ZeroEval is a simple unified framework for evaluating (large) language models on various tasks. This repository aims to evaluate instruction-tuned LLMs for their zero-shot performance on various reasoning tasks such as MMLU and GSM. We evaluate LLMs with a unified setup by controlling the factors such as prompting, sampling, output parsing, etc. In ZeroEval, we perform zero-shot prompting, and instruct LM to output both reasoning and answer in a json-formatted output. We are actively adding new tasks.

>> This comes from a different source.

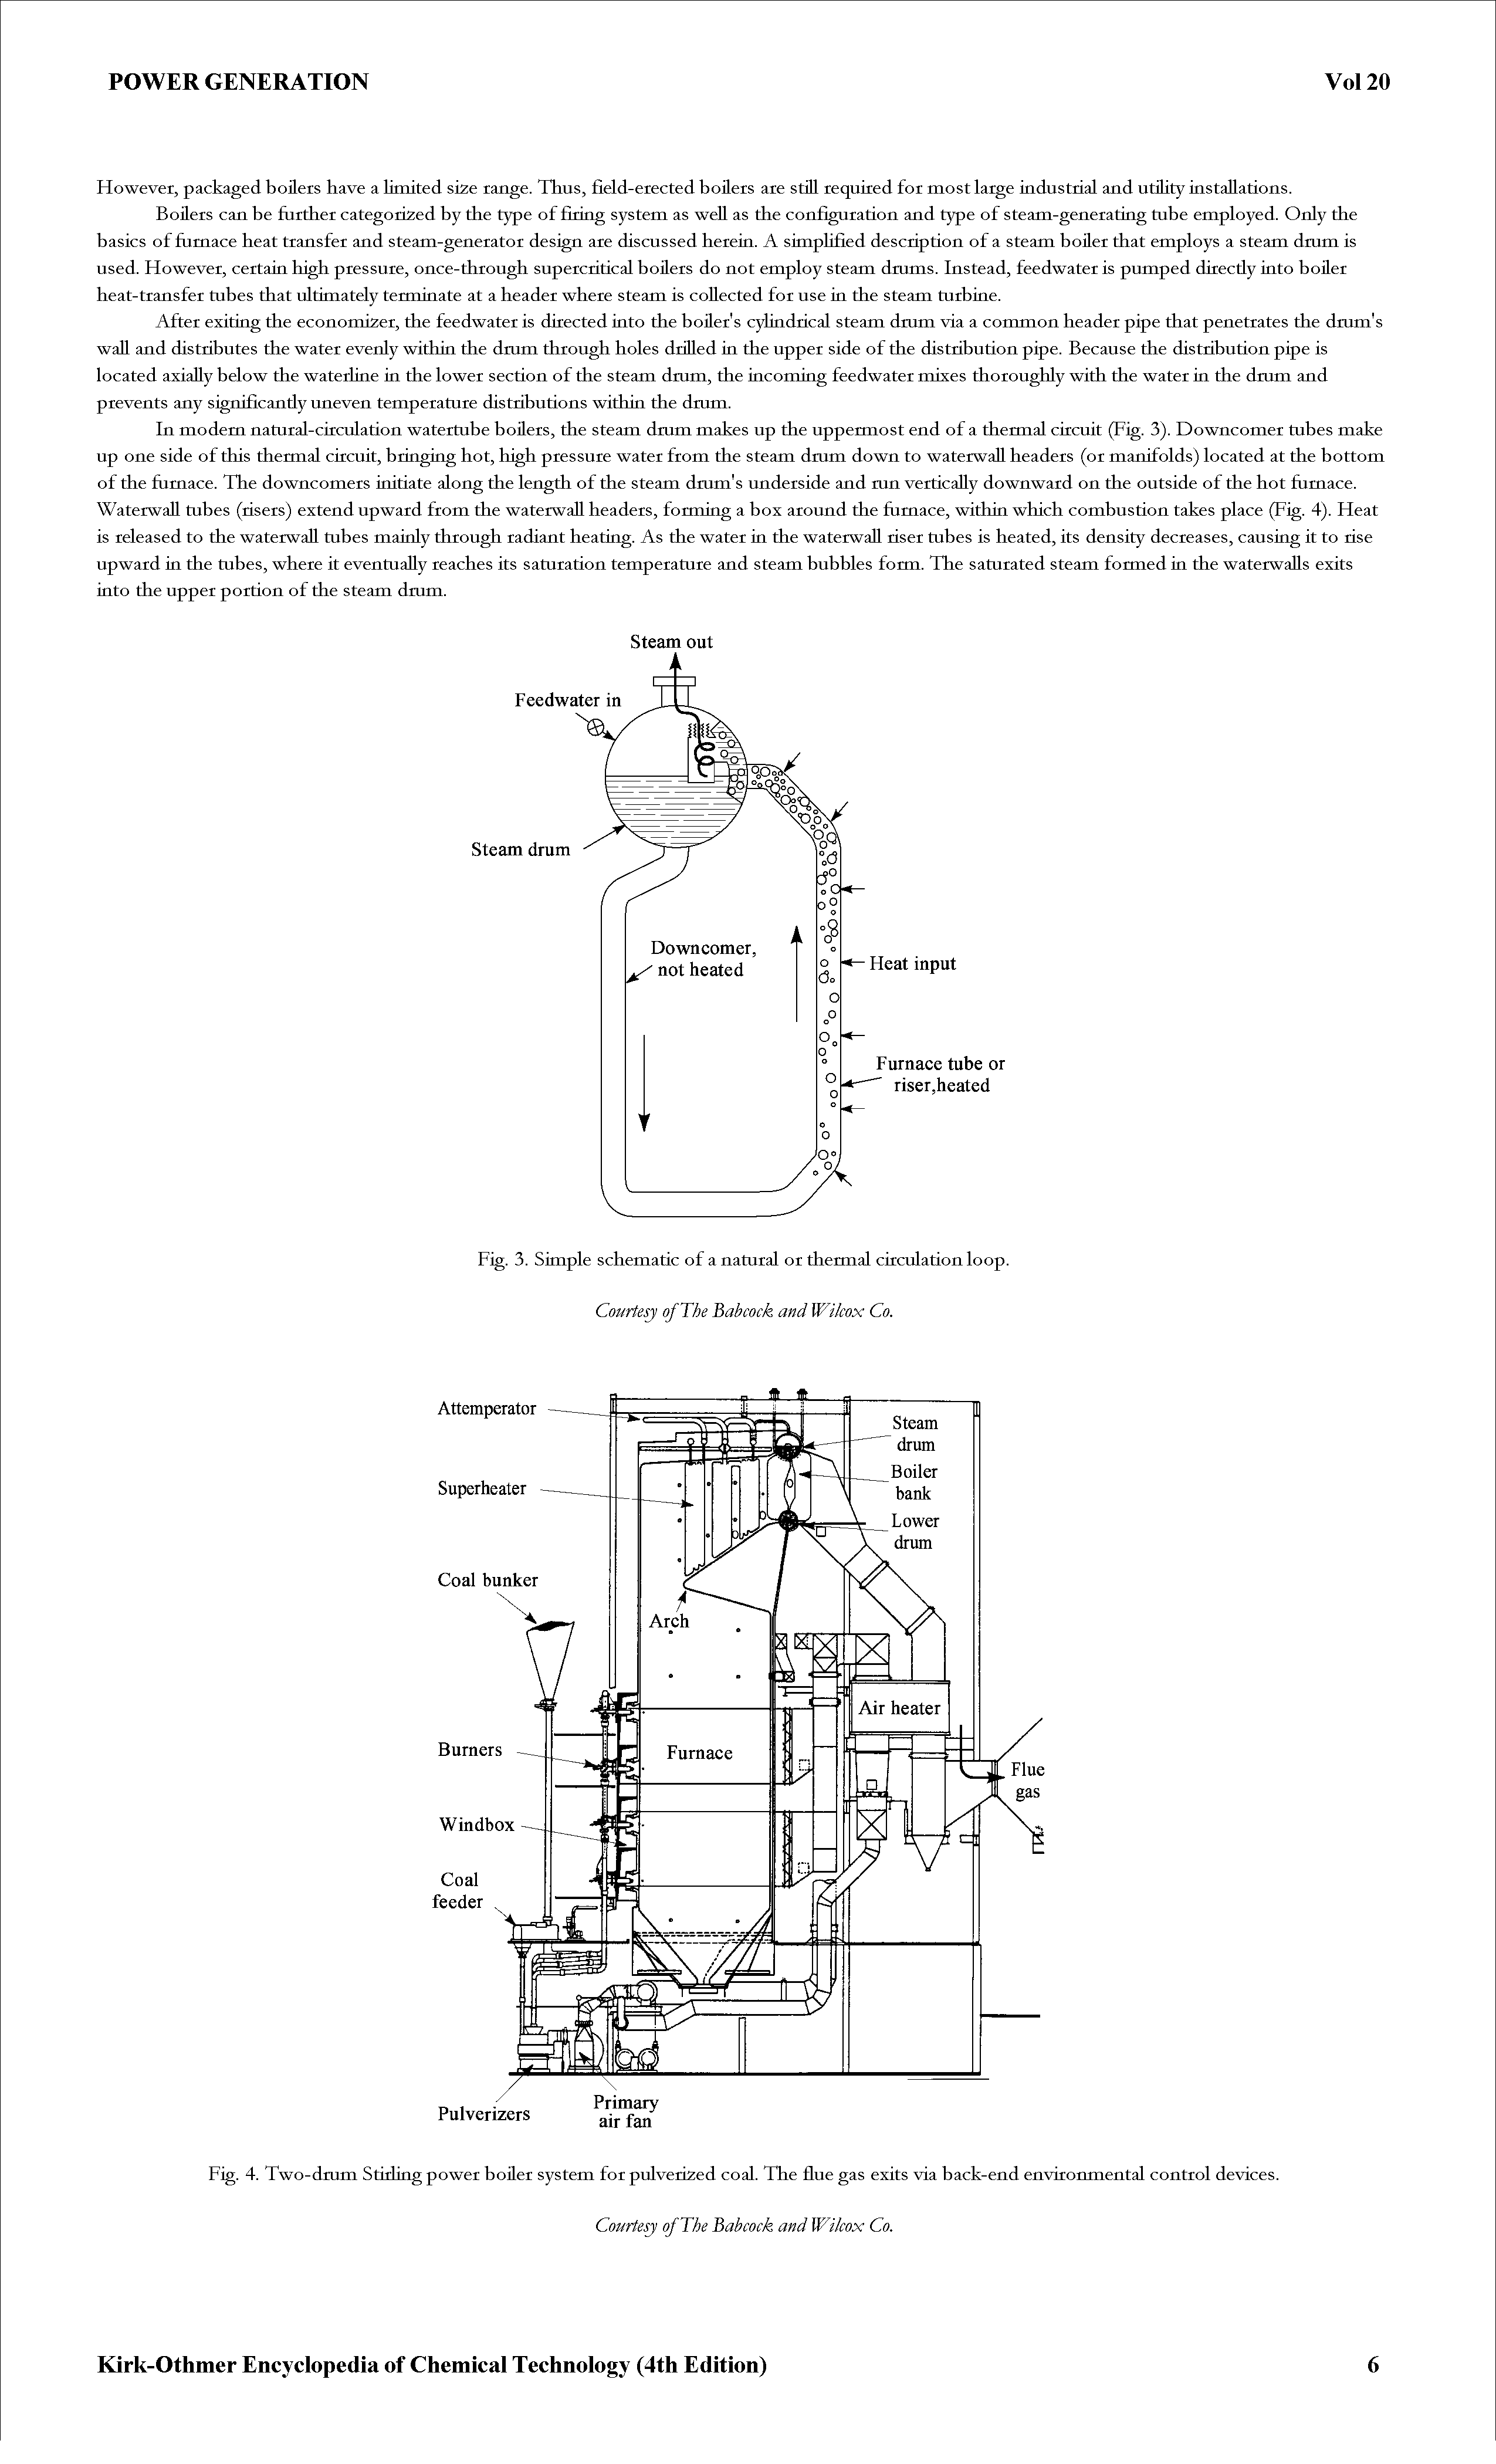 Fig. 4. Two-dmm Stirling power boiler system for pulverized coal. The flue gas exits via back-end environmental control devices.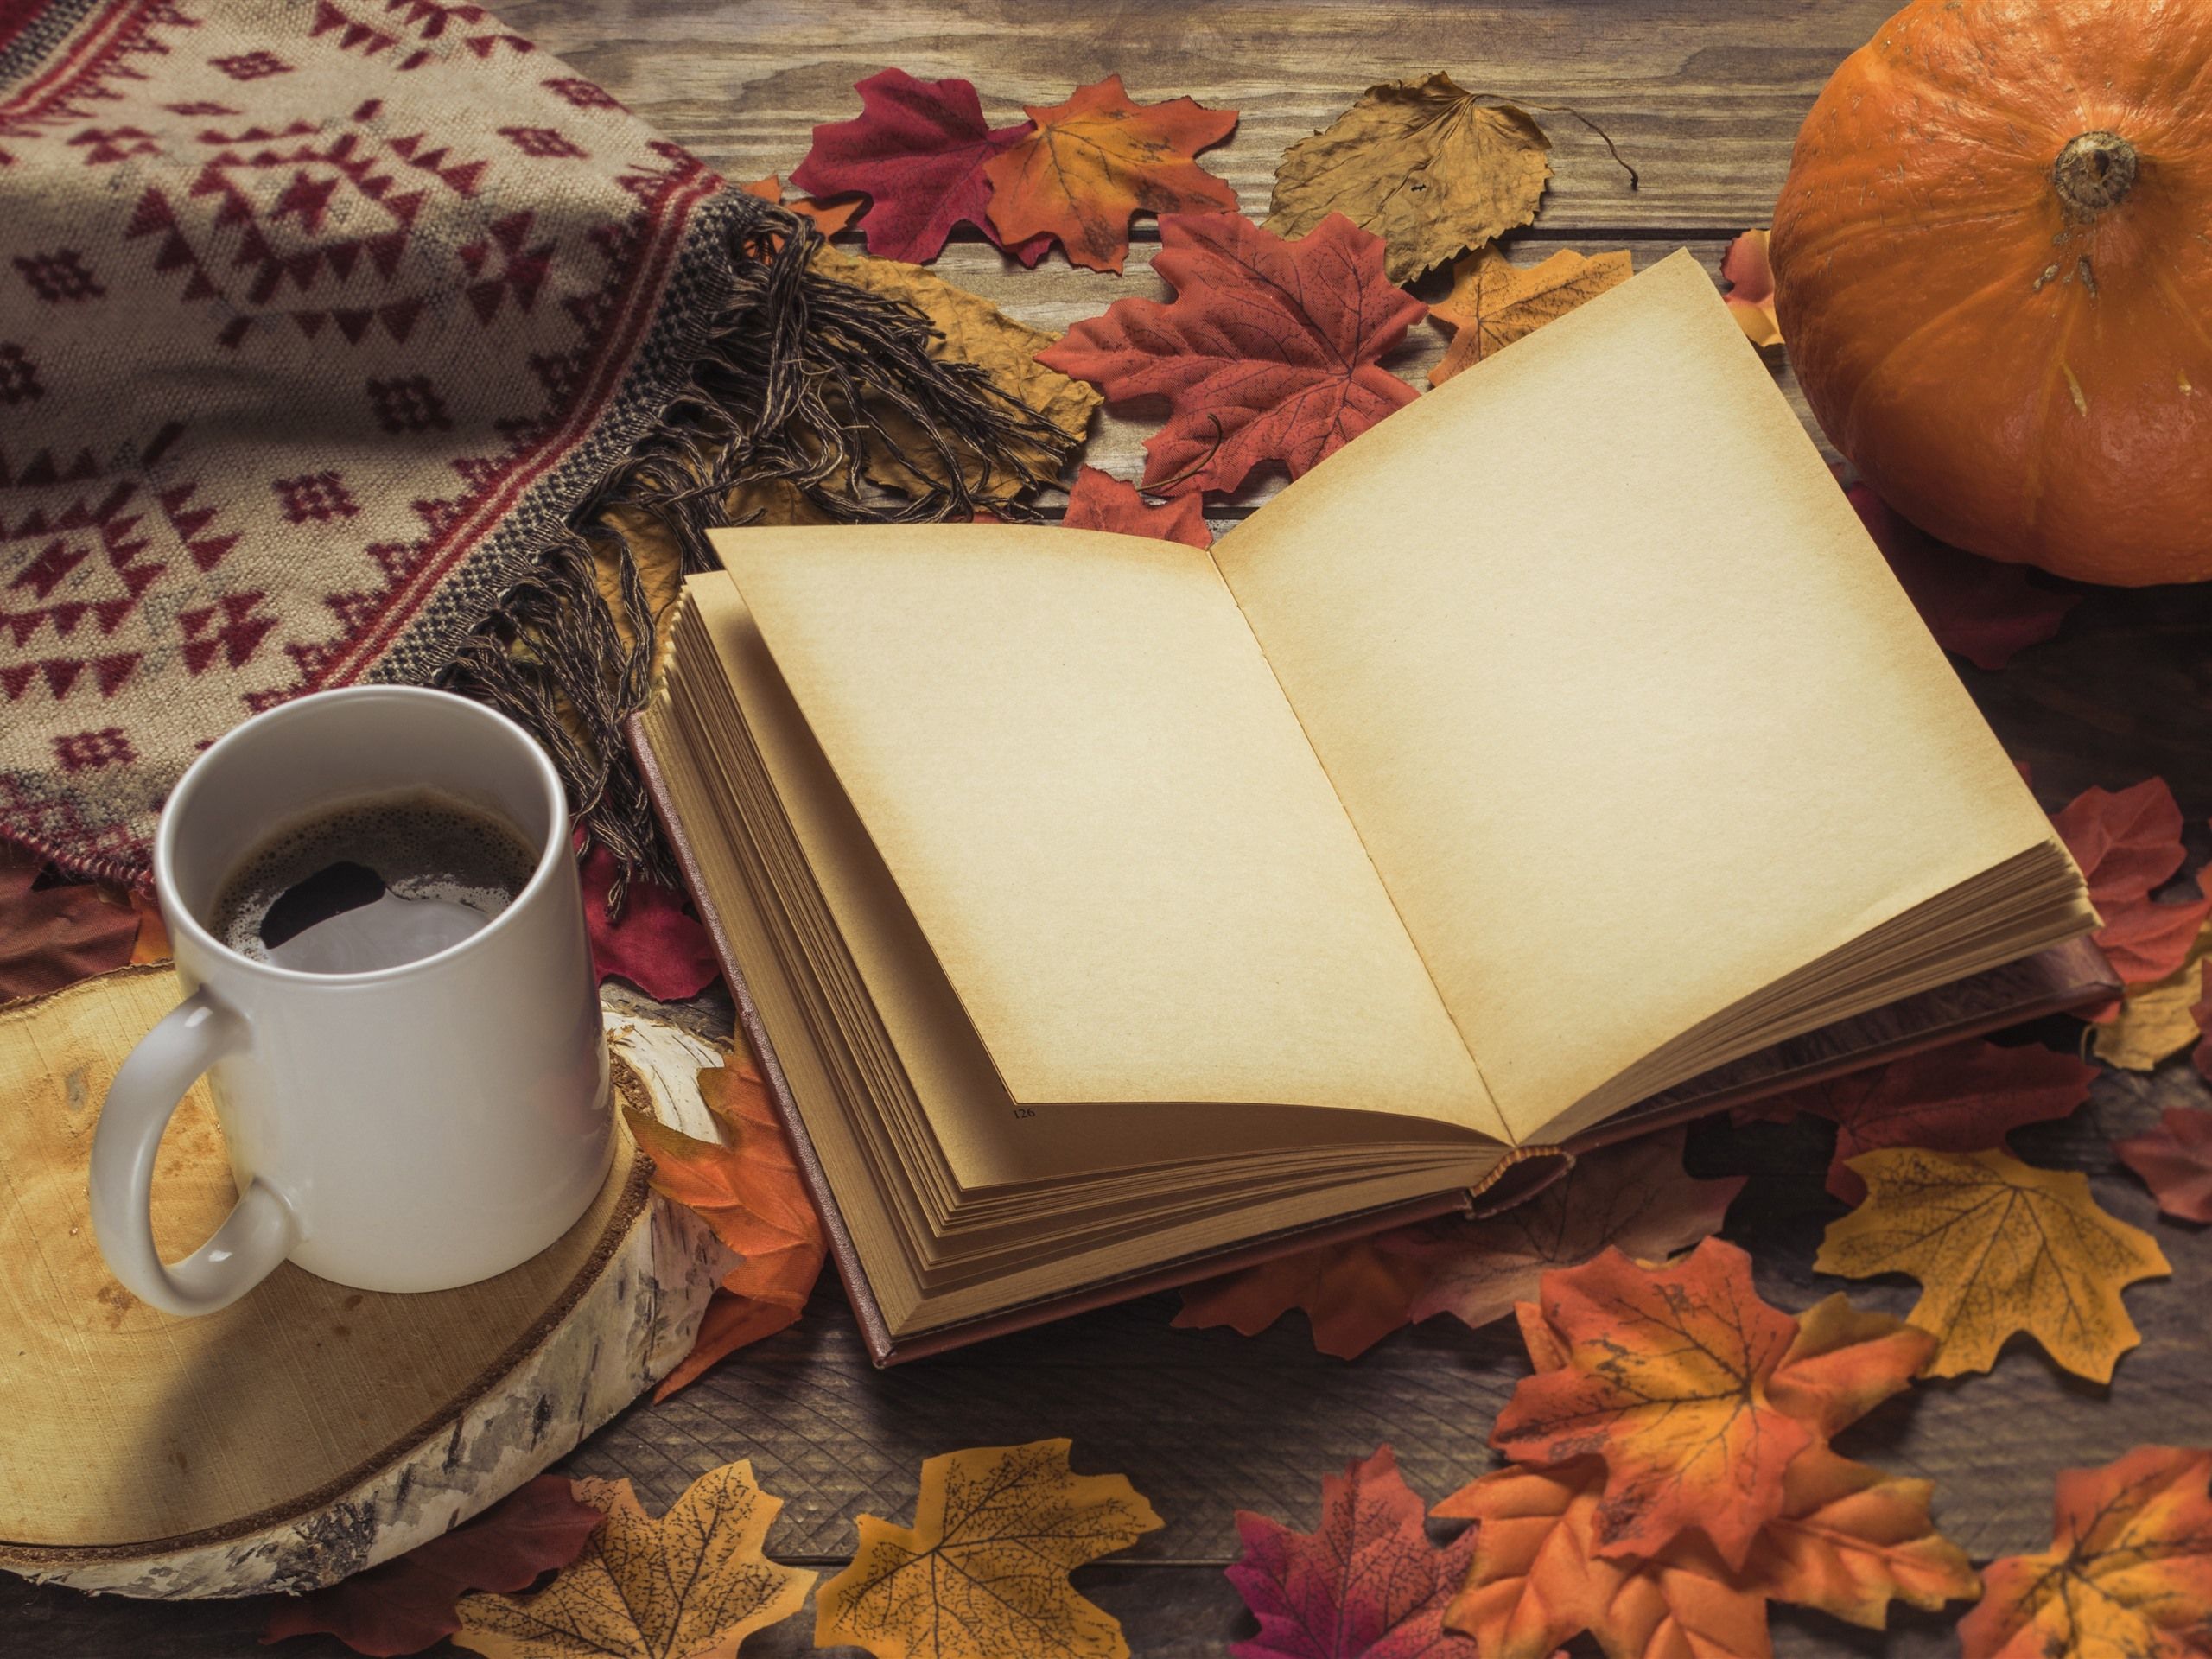 Wallpaper Book, coffee, maple leaves, still life 5120x2880 UHD 5K Picture, Image

Contributions are welcome!

Leaderboard: https://hf.co/spaces/allenai/ZeroEval
X post

Installation

Click to expand

conda create -n zeroeval python=3.10
conda activate zeroeval
# pip install vllm -U # pip install -e vllm 
pip install vllm -U
pip install -r requirements.txt
# export HF_HOME=/path/to/your/custom/cache_dir/

Tasks

MMLU-redux (-d mmlu-redux)
GSM8K (-d gsm)
ZebraLogic (-d zebra-grid)
CRUX (-d crux)
More tasks will be added soon. (e.g., ARC, MMLU-Pro, etc.)

Usage

zero_eval_local.sh and zero_eval_api.sh are the two main scripts to run the evaluation.

Examples

bash zero_eval_local.sh -d mmlu-redux -m meta-llama/Meta-Llama-3-8B-Instruct -p Meta-Llama-3-8B-Instruct -s 4 (Run Llama-3-8B-Instruct with greedy decoding on mmlu-redux)
bash zero_eval_api.sh -d gsm -f openai -m openai/gpt-4o-mini-2024-07-18 -p gpt-4o-mini-2024-07-18 -s 8 (Run gpt-4o-mini with greedy decoding on gsm)
bash zero_eval_api.sh -d zebra-grid -f openai -m deepseek-chat -p deepseek-chat -s 8 (Run deepseek-chat via openai style api, with greedy decoding on zebra-grid)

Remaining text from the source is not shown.